Recently at the dotfmp conference, we talked about storing text vectors for LLMs in FileMaker as container instead of text to save space. But does it? Let's check with current FileMaker Pro.
We can store text in a FileMaker database. The size to store the record is a bit more than the text. Our test table has primary key, two time stamps and the account name for creation and modification. With the overhead for managing the blocks this takes about 270 bytes per record in our test database.
If you store the text in a container field, you basically get the text stored and there is a 12 byte overhead for the container, if you just write text there.
Set Field [ Test::ContainerField ; $text ]
Alternatively we can package the text as UTF-8 with Text.WriteToContainer function. That will package the text as a file. This causes an overhead of about 200 bytes as multiple streams of data are managed including a file name. Total size of the container value itself is 36 bytes more than the text length. But by using container instead of a text field, we can save on indexes.

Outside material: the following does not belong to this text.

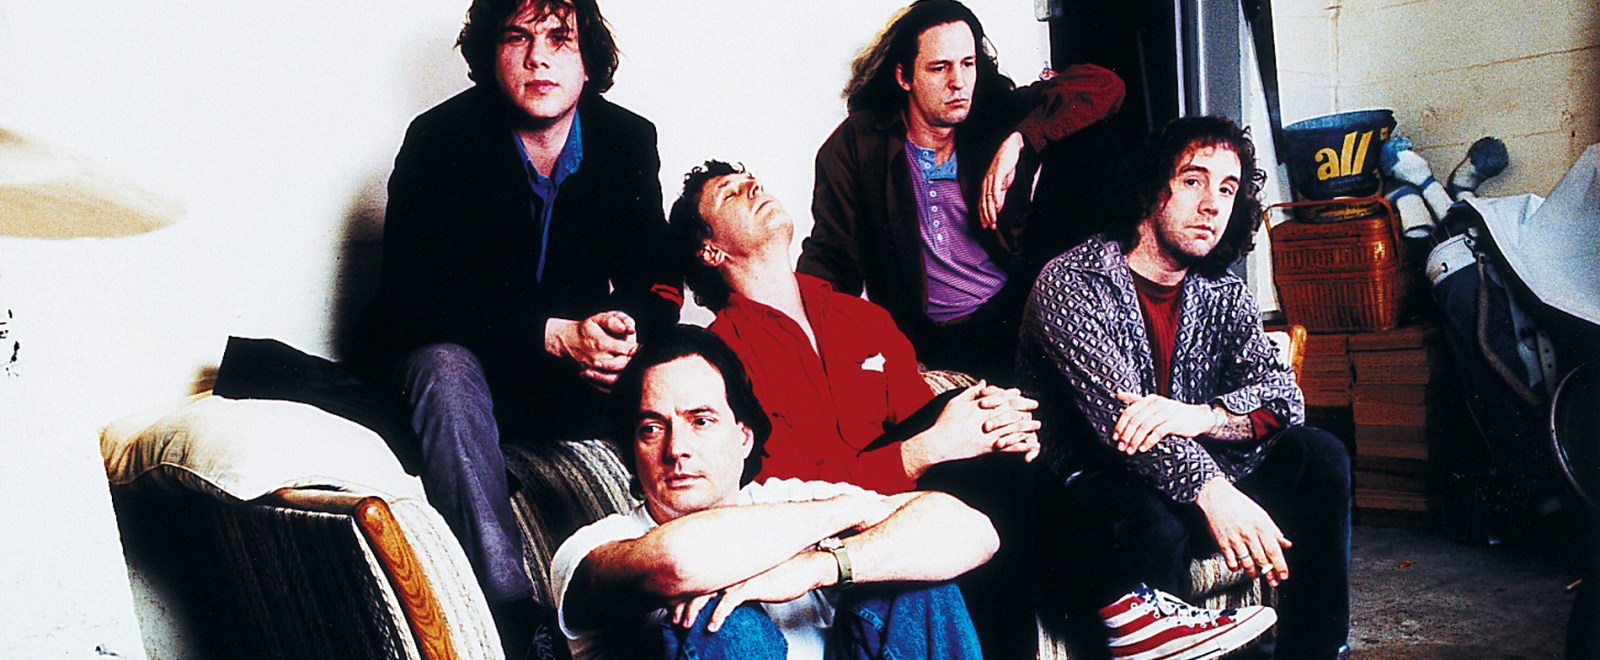 Guided by Voices – Overloaded Lyrics
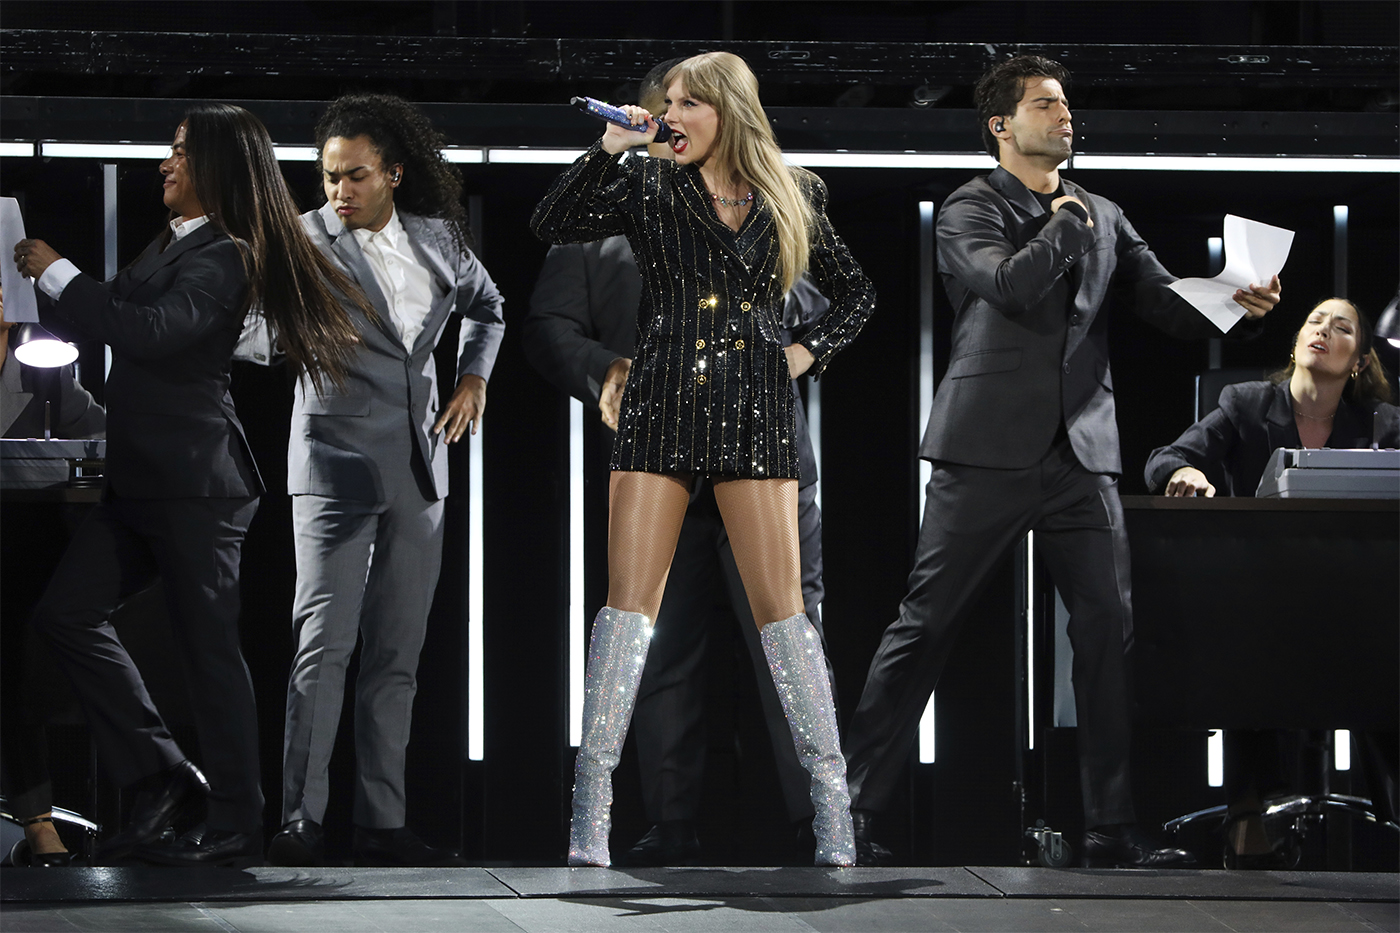 Taylor Swift 'Era's Tour' Film Will Be a Lesson for All Music Artists

Now we can use Archive.CompressContainer to compress the container value as a zip archive. This reduces a bigger text easily by 70%. We can skip using the Text.WriteToContainerfunction in future with the new Archive.CompressText function.
MBS( "Archive.CompressContainer"; "zip"; "deflate"; "test.zip"; MBS( "Text.WriteToContainer"; $text & Test::PrimaryKey; "UTF-8"; "test.txt"); "compression-level=9")
Or with Archive.CompressText function in upcoming plugin:
MBS( "Archive.CompressText"; "zip"; "deflate"; $text; "compression-level=9")
Storing the text as container with compression with either our Archive functions or with Container.Compress may help you to save disk space.
But by storing text in containers, you also enable a few neat features:
- The text in containers is not loaded when the record is loaded, but only when accessed.
- The text in container can be stored externally.
- The text doesn't get indexed, so we save space there.
- Since containers are referenced, duplicating the record just increases the reference count, but doesn't duplicate the data.
Have fun exploring this possibility if you have to store a lot of text with records.